Orientation Day

A couple of things came to mind recently.

In my photographic life, we have shifted from a “portrait orientation for magazine cover” process to a “horizontal to match screens” expectation. e have also gone through several preferred formats to end up pretty much where we started.

In my formative years, you always had to shoot that portrait orientated cover shot image in each set. No good getting the cracker of an image in horizontal, that would only ever be a page sharer or maybe a centre fold if you were lucky, but without the cover shot to sell the mag, no-one was going to get to look in the centre.

Right shape for the shot on this occasion and used to help determine if the touch was made.

In my current role, I have to shoot mostly horizontally. This is because of the obvious landscape orientation of a screen, but also allows a portrait to be extracted as needed.

I find portrait mode better for long lenses though when shooting sport.

Half a cut off body with room each side in a horizontal composition makes little sense, but a tight top to bottom shot feels right even if too tight. You have the same sized subject at longer distances, but effectively gain the “height” to your image of a shorter lens used horizontally.

The action was too fast to switch to the camera with the shorter zoom, so I just followed and shot.

Another that would be pointless in horizontal. I am often surprised how close they can get with a 600mm equivalent pointed at them in this orientation. The next phase was a quick try.

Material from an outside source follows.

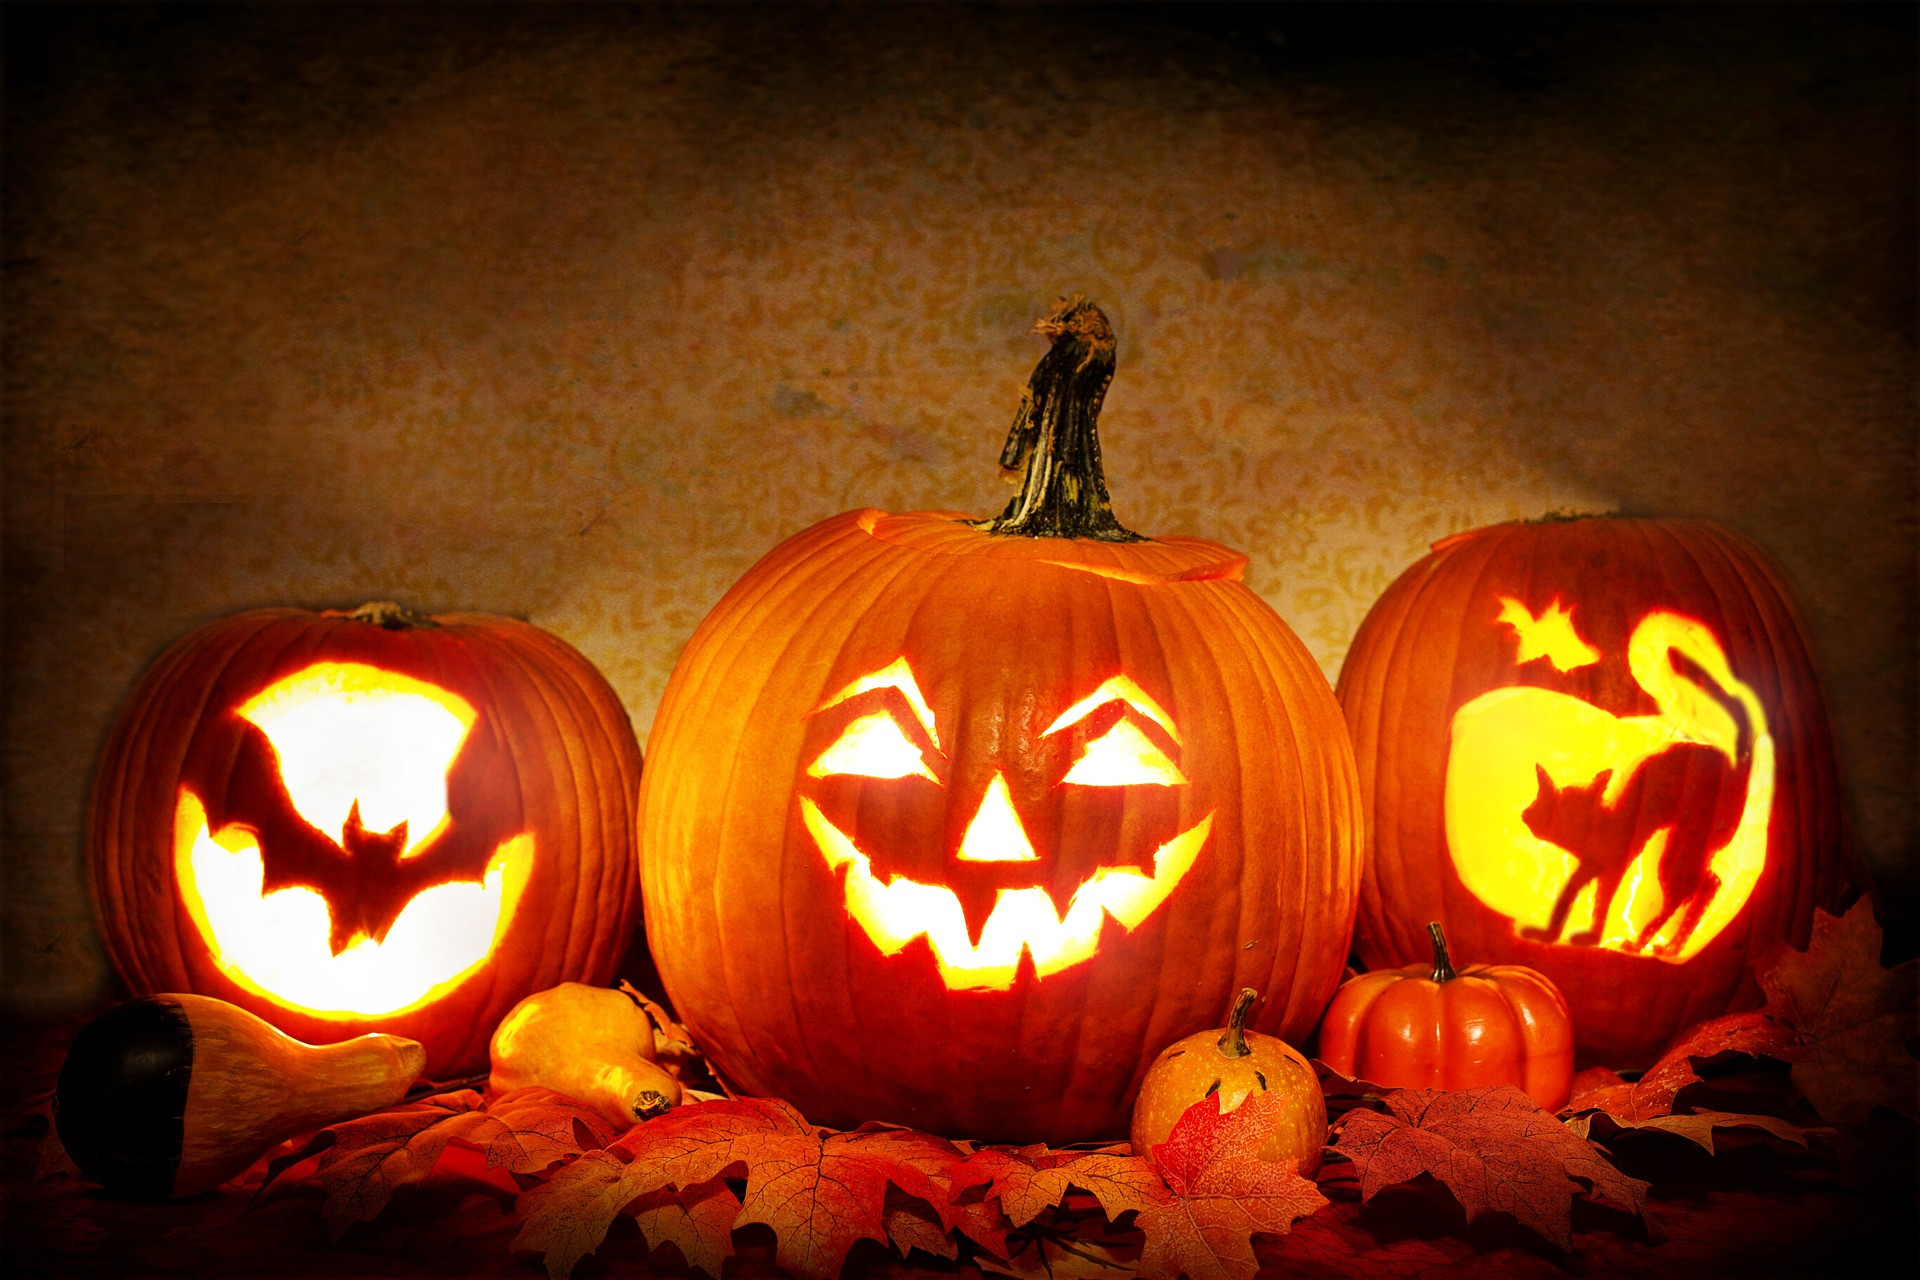 Mẫu mặt nạ halloween hình bí ngô cho bé | Halloween classroom decorations,  Pumpkin mask, Halloween masks

4:3 ratio is older and more logical than the now common 3:2 ratio. When 3:2 reigned (35mm film), the risk was always that even your portrait shots would end up losing a little length (or height). Look at a national Geographic cover. They are 4:3 ratio. I am lucky I guess, that with 4:3 in a 3:2 world, I am closer to one of the true formats, square*.

*For me, there are only two formats, square and wide screen (16:9 or more). Sure was very popular with medium format shooters, who had quality to spare, because it could be effortlessly made horizontal or vertical. Wide screen is just more cinematic, dramatic and evocative.